> **Available data**
________
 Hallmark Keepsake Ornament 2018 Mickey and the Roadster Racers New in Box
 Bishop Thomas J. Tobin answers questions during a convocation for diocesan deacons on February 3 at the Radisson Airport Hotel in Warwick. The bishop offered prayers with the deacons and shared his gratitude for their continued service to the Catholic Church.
________
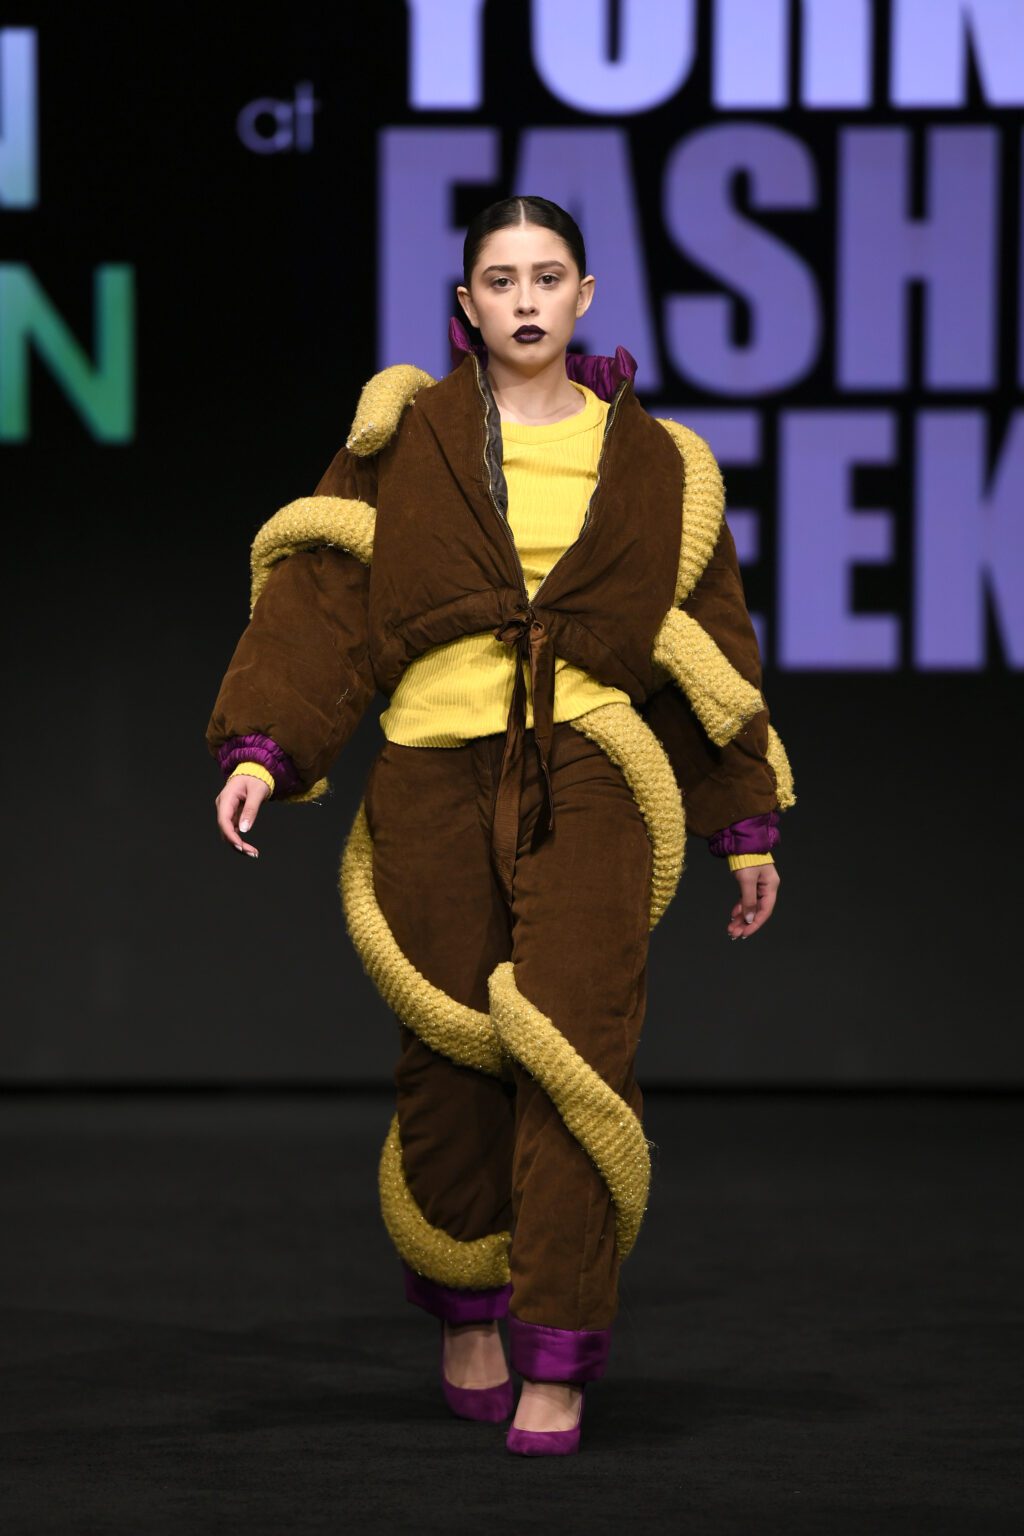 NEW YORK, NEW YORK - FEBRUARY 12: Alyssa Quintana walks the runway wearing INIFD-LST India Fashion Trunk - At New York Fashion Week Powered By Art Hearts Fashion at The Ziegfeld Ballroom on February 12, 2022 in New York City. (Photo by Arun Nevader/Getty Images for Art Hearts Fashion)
________
> **Instructions for the task**
Using the data above, transcribe the lines that run from the line with "Hallmark Keepsake Ornament" to the line with "Bishop Thomas J.", both ends kept, and output nothing else.

> **Answer to the exercise**
 Hallmark Keepsake Ornament 2018 Mickey and the Roadster Racers New in Box
 Bishop Thomas J. Tobin answers questions during a convocation for diocesan deacons on February 3 at the Radisson Airport Hotel in Warwick. The bishop offered prayers with the deacons and shared his gratitude for their continued service to the Catholic Church.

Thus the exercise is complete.